- Excerpted records
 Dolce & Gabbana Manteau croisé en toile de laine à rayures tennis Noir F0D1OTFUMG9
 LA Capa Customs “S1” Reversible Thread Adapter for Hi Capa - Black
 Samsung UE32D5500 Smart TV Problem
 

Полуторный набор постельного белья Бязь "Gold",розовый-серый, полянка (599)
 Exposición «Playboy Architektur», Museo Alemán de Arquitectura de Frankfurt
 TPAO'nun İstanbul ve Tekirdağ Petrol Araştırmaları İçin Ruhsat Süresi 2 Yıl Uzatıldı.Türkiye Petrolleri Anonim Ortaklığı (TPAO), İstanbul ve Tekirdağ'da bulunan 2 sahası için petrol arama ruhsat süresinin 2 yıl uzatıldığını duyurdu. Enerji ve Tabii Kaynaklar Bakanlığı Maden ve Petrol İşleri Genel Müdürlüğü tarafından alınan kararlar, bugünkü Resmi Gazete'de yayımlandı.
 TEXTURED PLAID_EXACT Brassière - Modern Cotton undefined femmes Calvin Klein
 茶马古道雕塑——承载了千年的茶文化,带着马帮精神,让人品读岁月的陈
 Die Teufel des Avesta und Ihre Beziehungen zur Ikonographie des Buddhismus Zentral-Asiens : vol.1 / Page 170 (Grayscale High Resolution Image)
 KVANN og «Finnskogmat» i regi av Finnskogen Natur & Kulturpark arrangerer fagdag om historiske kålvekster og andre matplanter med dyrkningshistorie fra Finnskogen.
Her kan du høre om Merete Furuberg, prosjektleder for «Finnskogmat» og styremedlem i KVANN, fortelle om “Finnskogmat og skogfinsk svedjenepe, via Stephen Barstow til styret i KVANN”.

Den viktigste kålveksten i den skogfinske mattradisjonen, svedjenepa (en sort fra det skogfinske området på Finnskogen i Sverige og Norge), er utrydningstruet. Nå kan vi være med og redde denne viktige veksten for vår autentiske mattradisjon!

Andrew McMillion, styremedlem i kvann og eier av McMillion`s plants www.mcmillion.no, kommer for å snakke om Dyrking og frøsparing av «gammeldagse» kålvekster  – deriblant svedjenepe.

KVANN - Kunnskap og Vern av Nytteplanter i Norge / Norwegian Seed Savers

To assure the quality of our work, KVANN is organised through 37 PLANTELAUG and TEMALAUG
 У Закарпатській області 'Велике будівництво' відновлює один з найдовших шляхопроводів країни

- Task instructions
Search the lines above for the string "Finnskogen" and copy each line that has it.

- Finished task
 KVANN og «Finnskogmat» i regi av Finnskogen Natur & Kulturpark arrangerer fagdag om historiske kålvekster og andre matplanter med dyrkningshistorie fra Finnskogen.
Den viktigste kålveksten i den skogfinske mattradisjonen, svedjenepa (en sort fra det skogfinske området på Finnskogen i Sverige og Norge), er utrydningstruet. Nå kan vi være med og redde denne viktige veksten for vår autentiske mattradisjon!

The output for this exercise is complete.